Wednesday, September 24, 2014

Seriously!

Seriously! I'm just shy of a year since my last post. Out of sight, out of mind. I don't think about this blog thing until the worst times. Then I forget when when I have time. It funny to me that I'm on it now. Just yesterday I was going through my links and deleted or moved a bunch and the link for this blog appeared on my bookmark bar because I had made enough room for it.

Anyway, life gets busy and at times even lazy. That is no excuse. Each of us needs to show we are grateful for our blessings. My theory: If we don't show gratitude to those around us and to God, we will grow into old crotchety people that no one wants to be around, and we will offend God. Not good! I want to steer clear of that.

I have been sick lately. Still, for the most part, I'm healthy. I have 2 legs that work (mostly). I have 2 arms and hands that work. Although, at times, I wonder if my head is still attached, I recently discovered it's fairly permanent. I am grateful for this.
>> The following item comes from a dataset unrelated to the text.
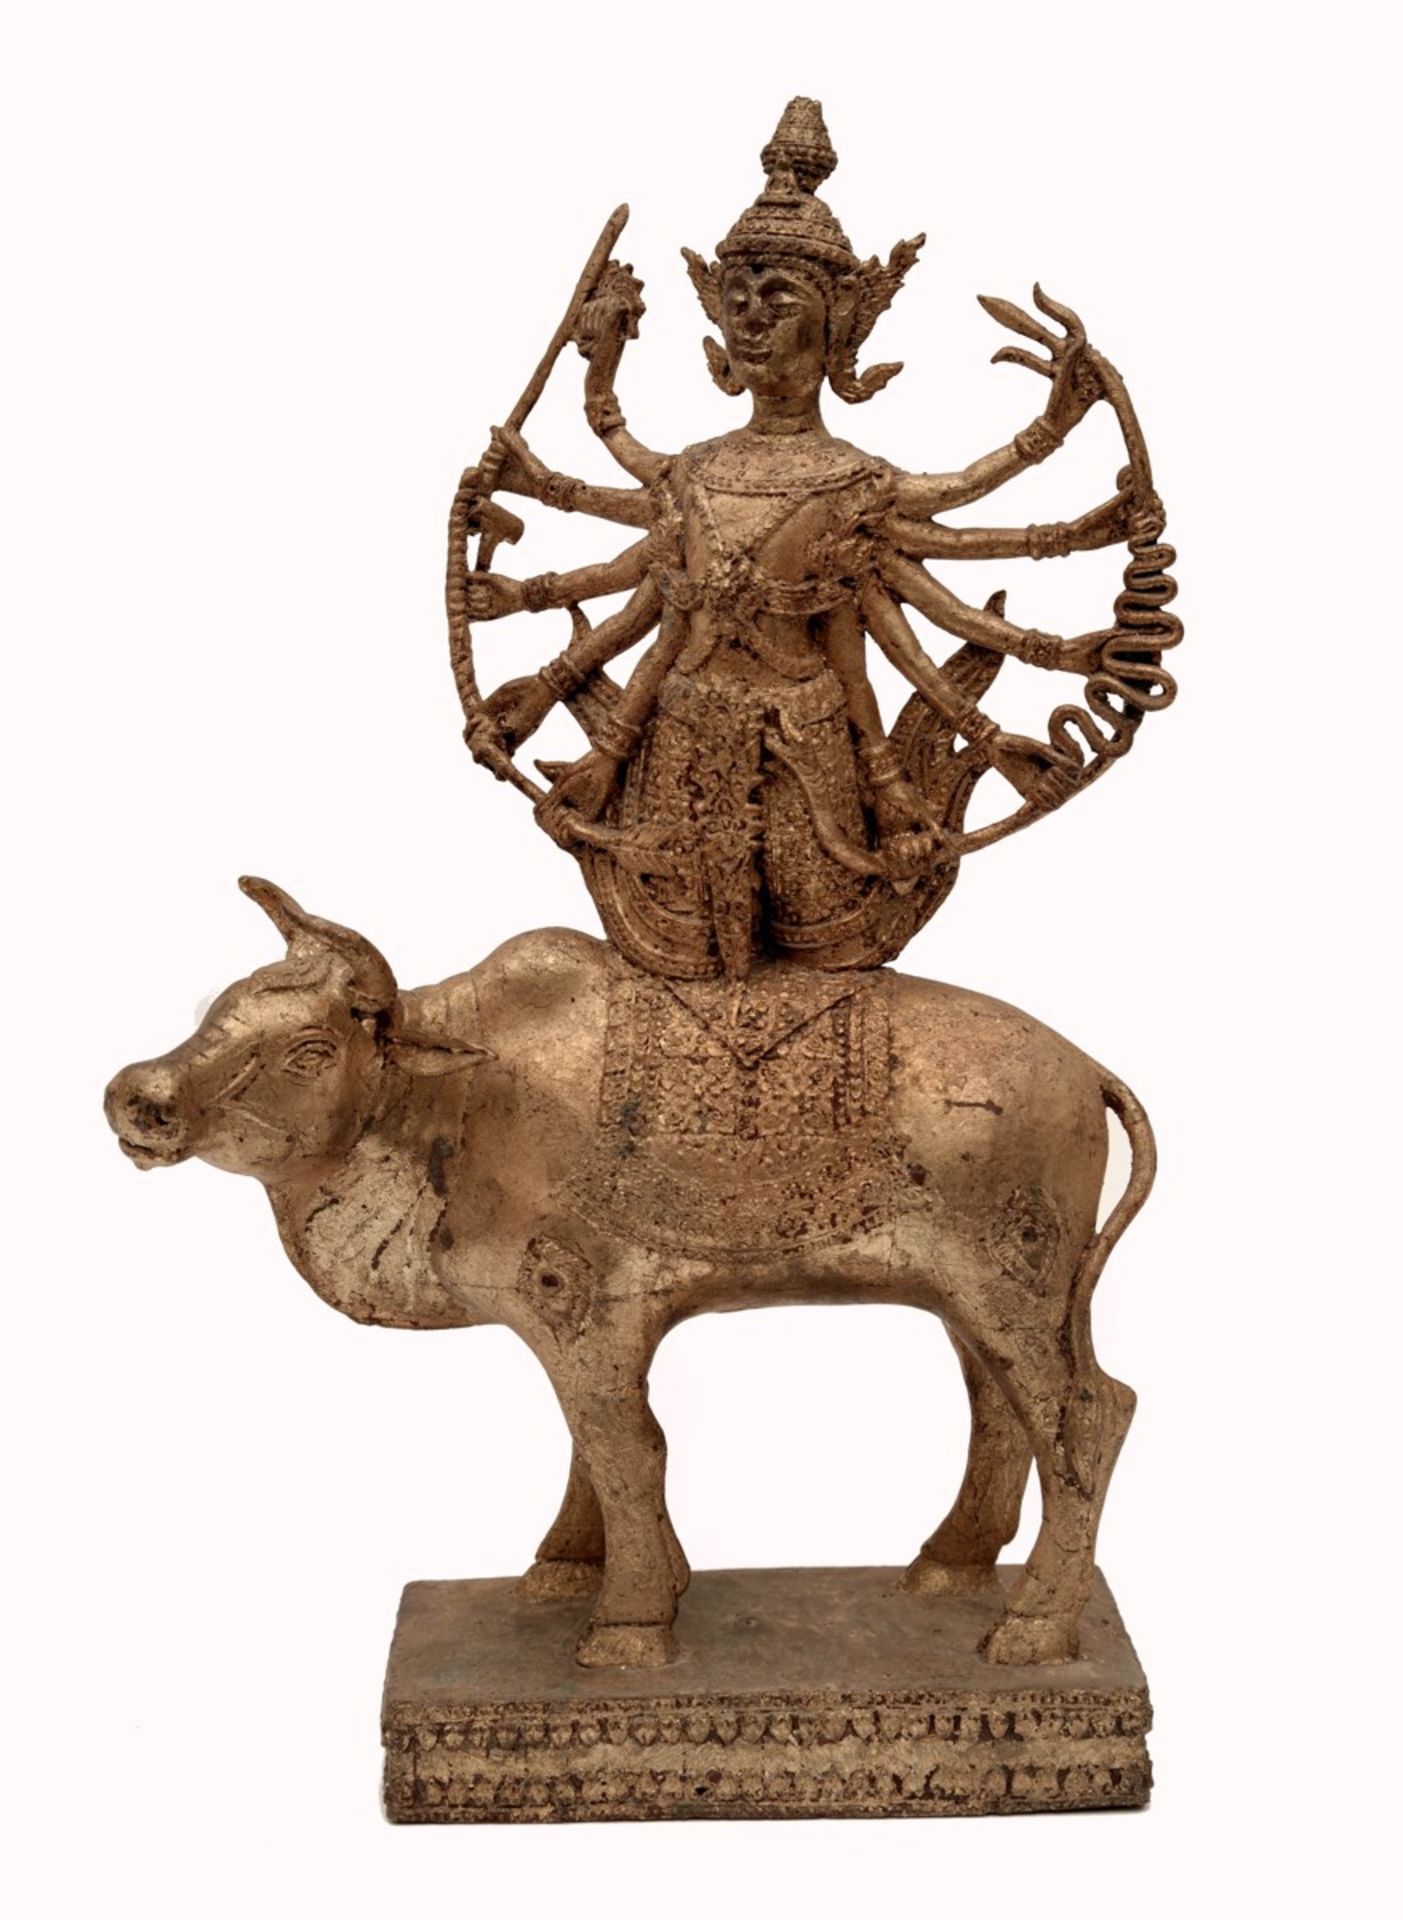 A Shiva on the Bull Nandi

I have really had a hard time over this past year or so. Trying to get over a bad knee surgery and having to move has definitely had its toll on me. Now, I could focus on the negative of this, which in some cases I think I've done too much of, or I can be thankful for my home and family and the fact that I can still walk. I need to take advantage, while I still can, of these blessing. I have good neighbors and friends, a wonderful family and I have the Gospel of Jesus Christ in my life. What could be better? Really, nothing! God and Family is key, then comes friends and neighbors. Serve them and you will find joy and happiness. I need to remember this more often. I'm a simple man with a hard head.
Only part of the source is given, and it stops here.